*** SOURCE MATERIAL ***

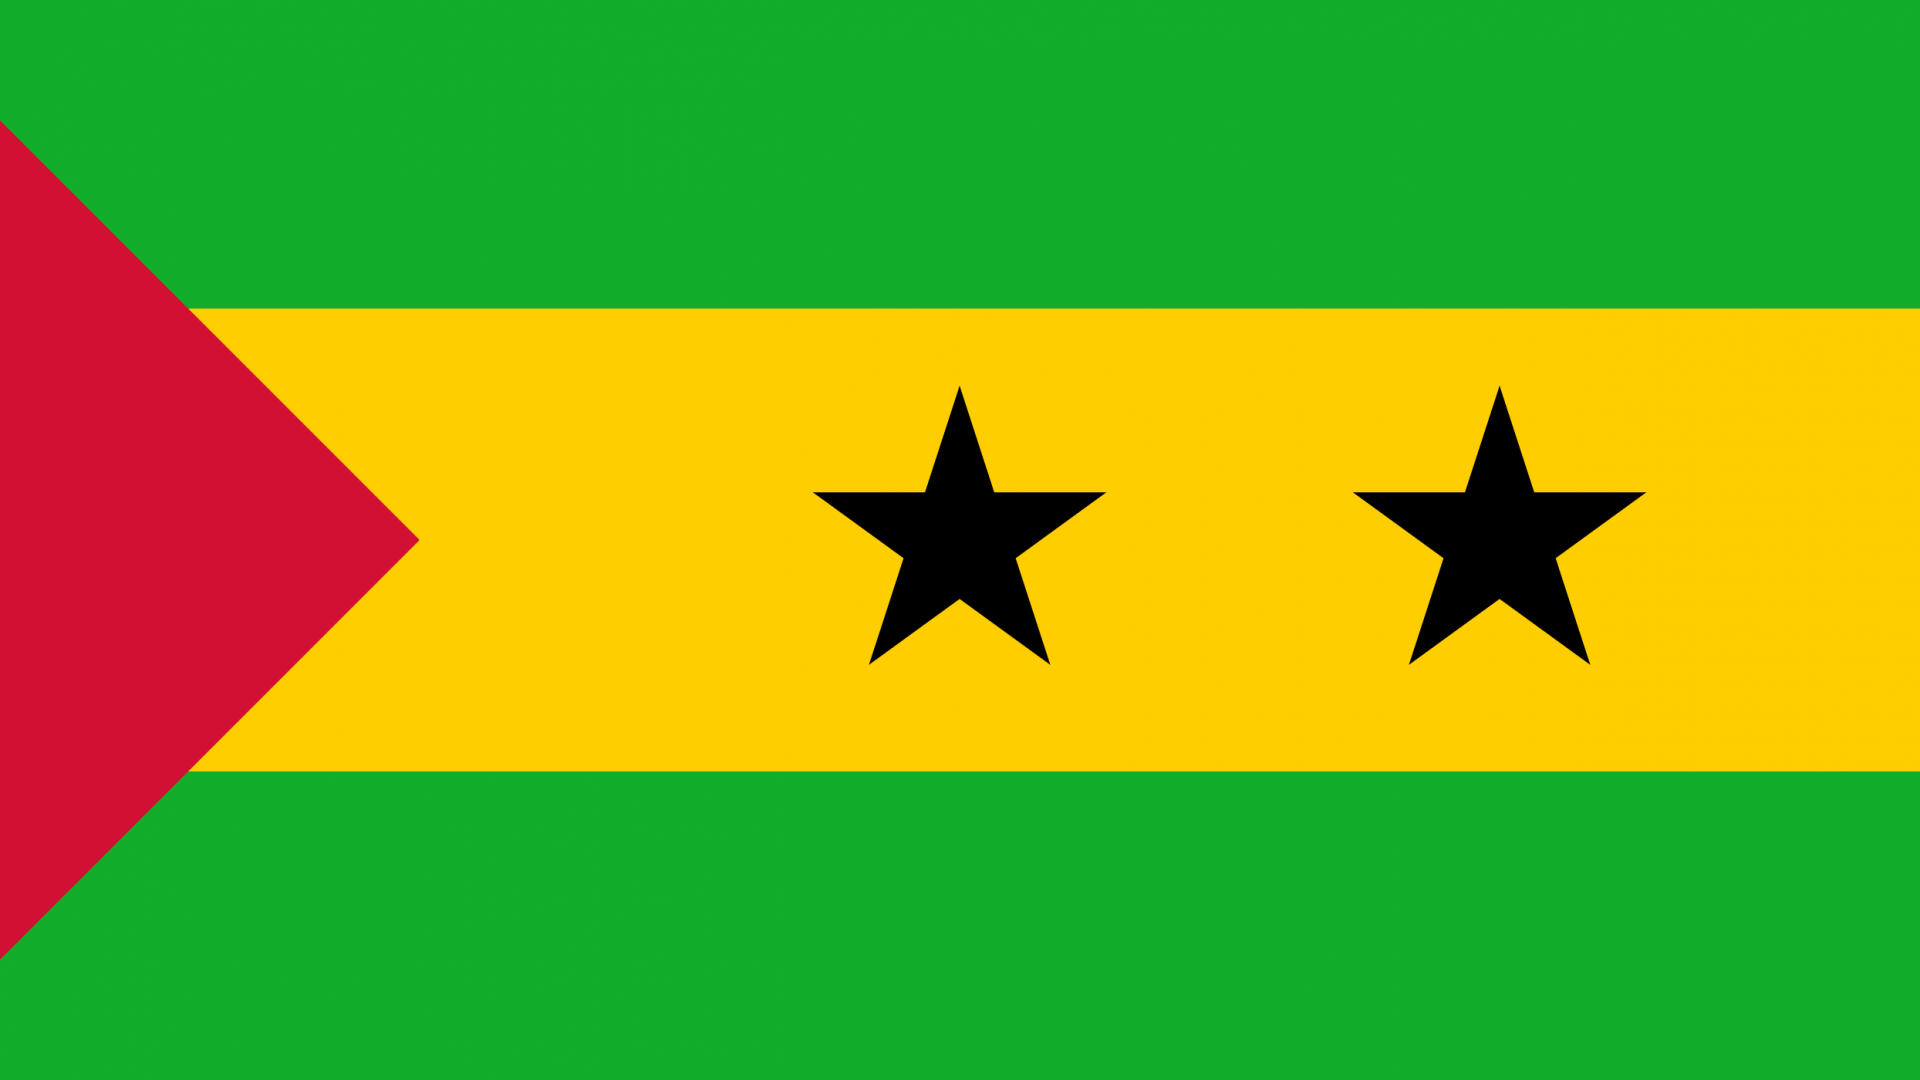 Sao Tome and Principe Flag   Wallpaper High Definition High Quality 1920x1080
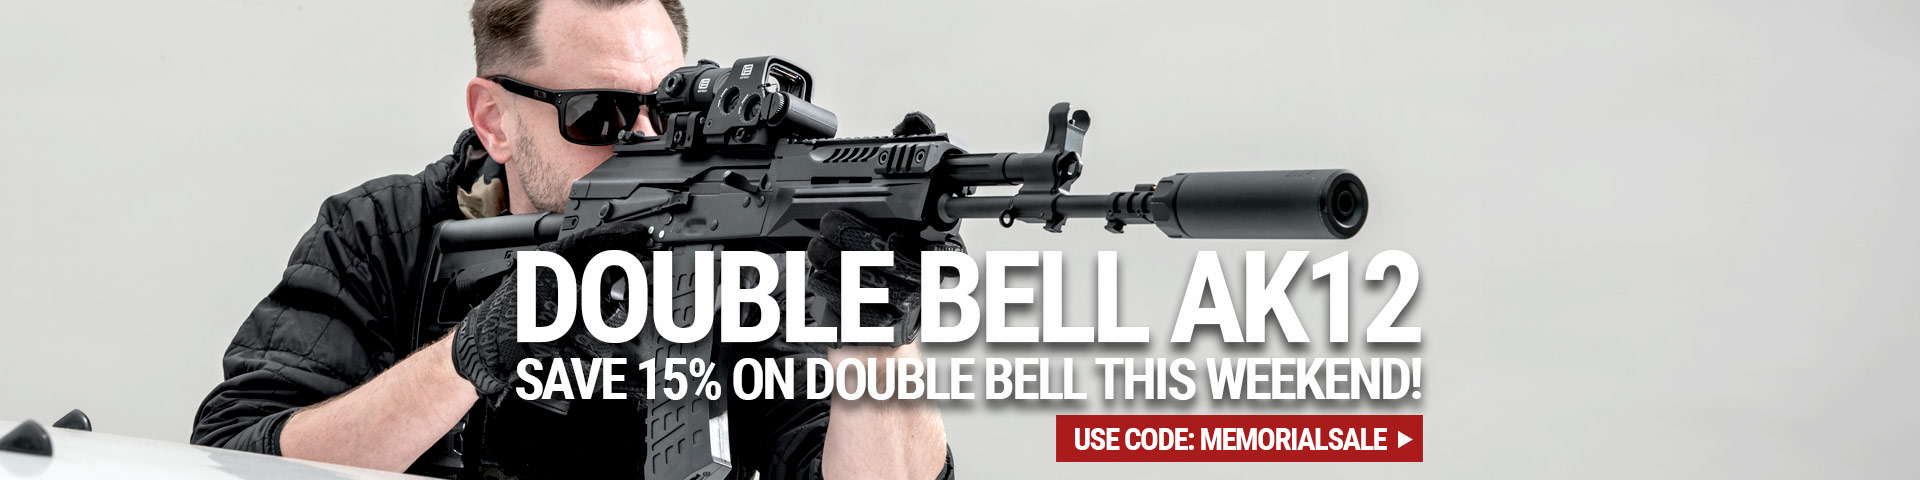 Double Bell AK12
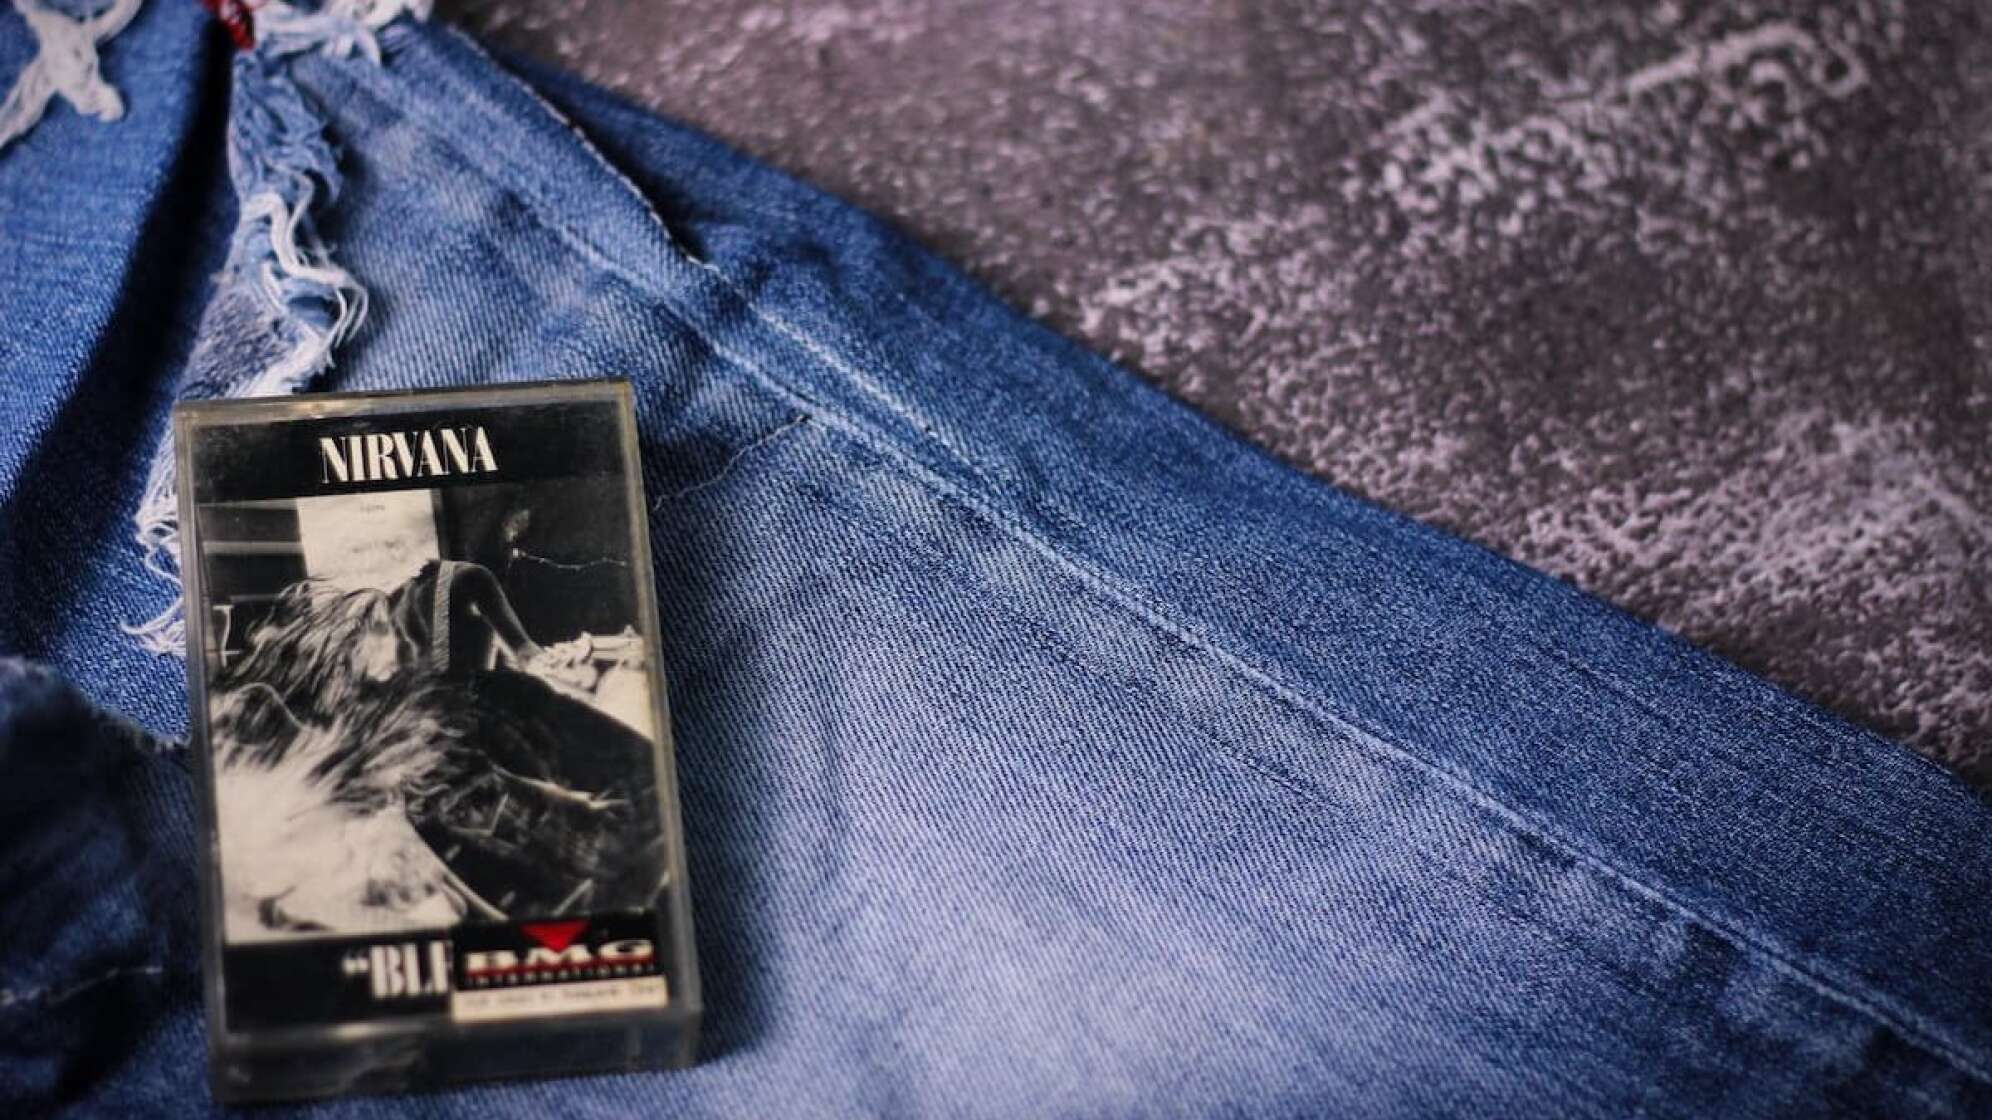 Zerrissene Jeans mit Nirvana Kassette

*** End of SOURCE MATERIAL ***

• _EXERCISE GOAL_
Please return the lines above exactly, with the pictures omitted.

• _EXERCISE SOLUTION_
 Sao Tome and Principe Flag   Wallpaper High Definition High Quality 1920x1080
 Double Bell AK12
 Zerrissene Jeans mit Nirvana Kassette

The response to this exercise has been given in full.